Phew, that was close. Just as well governments and big business invested millions if not billions in consulting advice to correct the situation. Here was a looming calamity that only geeks could understand. Our job was to comply and to pay up so as to avert disaster.

But I am of course being unfair to the peddlers of Y2K calamity — they were simply feeding the natural market for fear of the future. Why, no sooner had Y2K receded than the threat of pandemic via avian flu and then severe acute respiratory syndrome was scaring us witless. Same modus operandi as Y2K: credible narrative that only geeks can understand. It’s all so terribly empowering for geeks.

Then came swine flu or the H1N1 virus, which promised to wipe us all out. This one scored well on my scare index because of its deployment of cool alpha-numeric nomenclature. Avian flu was never going to sell as well as something called H1N1.

Did I miss peak oil?

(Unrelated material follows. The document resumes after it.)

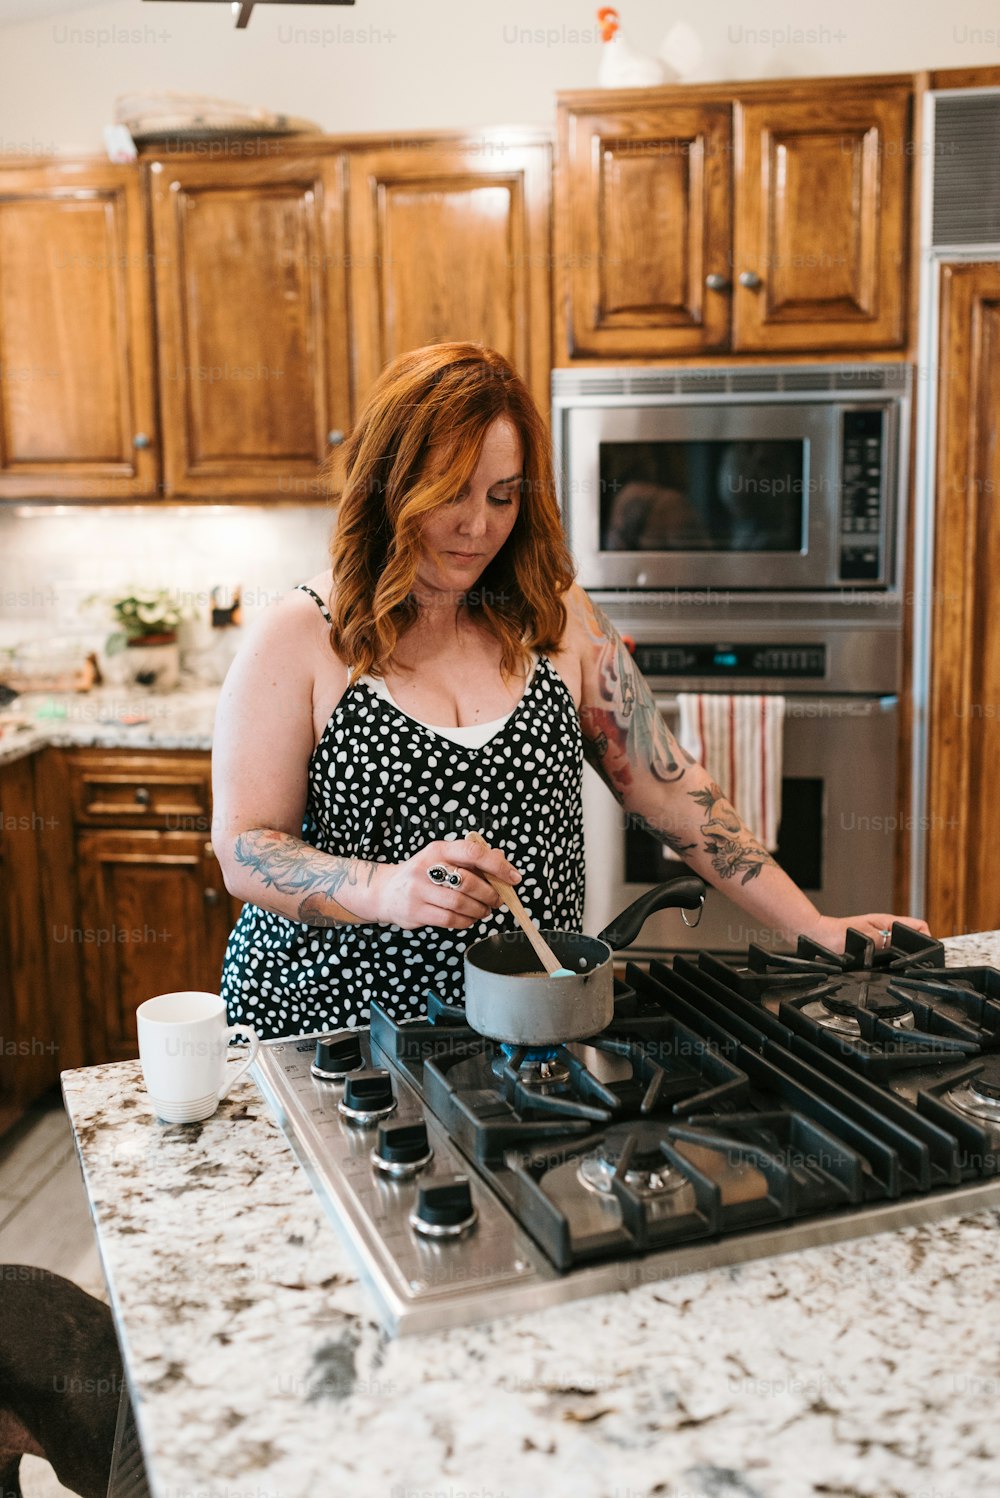 Une femme dans une cuisine préparant de la nourriture sur un poêle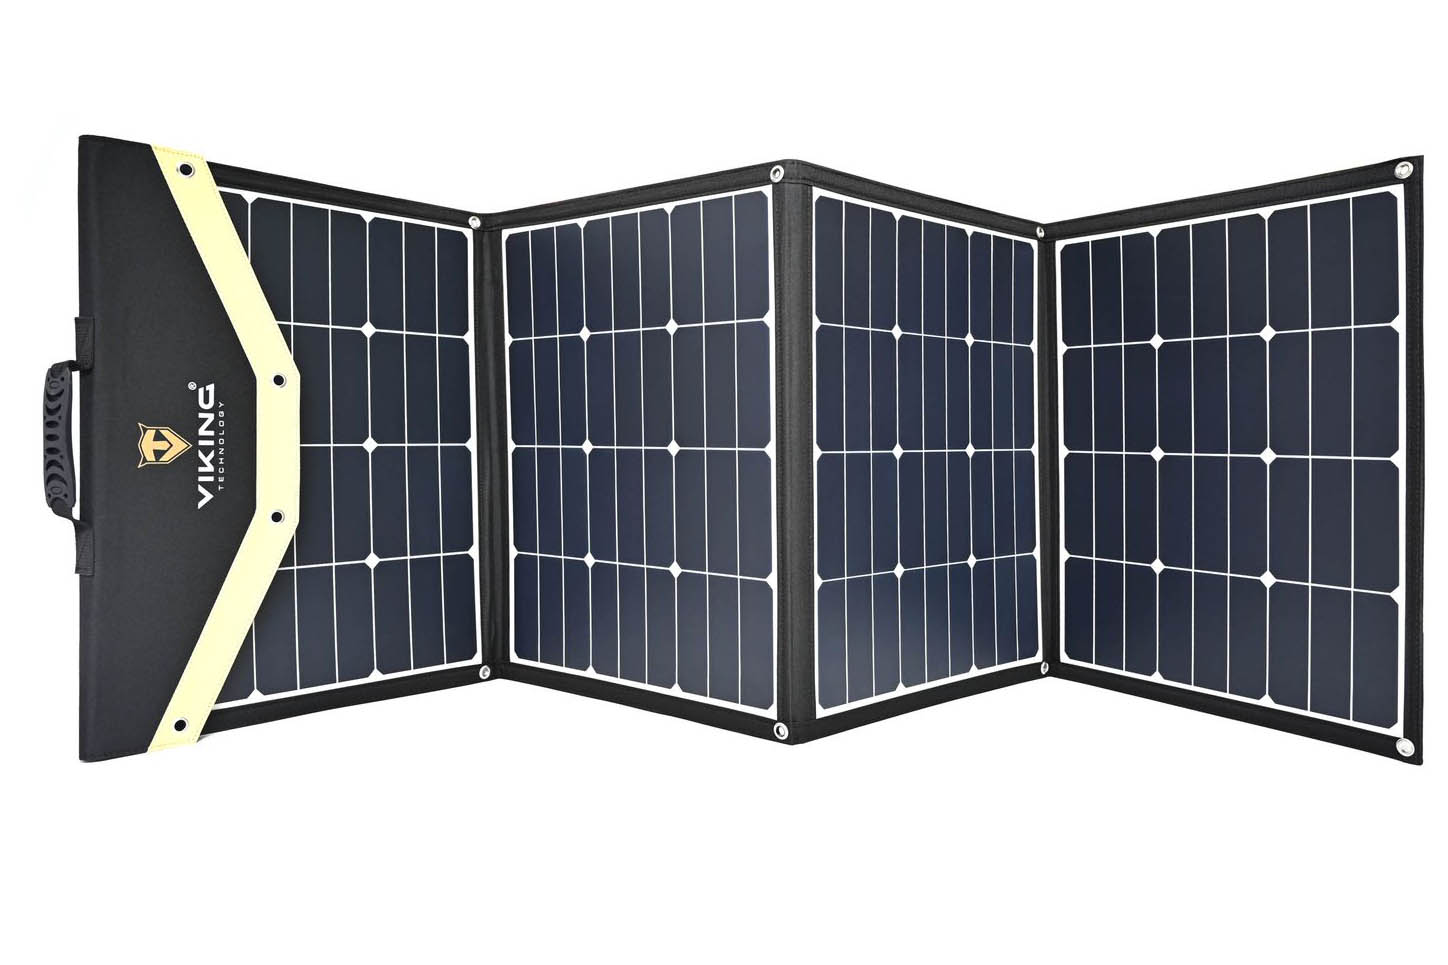 Solárny panel Viking L180

Wasn’t that going to sneak up and kill us all in our beds early in the 21st century? Must be running late. And weren’t we going to run out of food with so many people on the planet? Something about the Club of Rome? No? No one’s very chatty about this topic these days. Let’s not talk of unrealised scare campaigns and move on to the next threat.

Now I do not want to get a reputation as a global-warming denier but I have to say the whole never-gonna-rain-again thing kinda lost its zing around the time of the Brisbane floods. And the no-rain-mantra has never regained its scare factor. Which would be very disconcerting if you were a geek building a career based on community fear of living in a waterless land.

Look, I am as on-board as anyone else for a jolly good scare but we are running out of credible scary things. Computer bug? Check. Pandemic(s)? Check and check again. Ozone depletion? Oh please, that is so 80s. Peak oil? Check. Financial calamity caused by Wall Street greed? Check.

What the market needs, what the market wants, is a couple of preferably telegenic geeks to surface with an interesting narrative of impending calamity. But a narrative that also offers a way out, the promise of salvation if you like, if we are prepared to invest in — you guessed it — expensive calamity-aversion therapy.

Oh thank you, geeks, thank you. How much do you need to save us from eternal damnation? What is the penance we must pay to preserve our way of life if not our lives?

Do you see what I mean? There is now, and there will always be, an intrinsic and an insatiable market demand for impending calamity.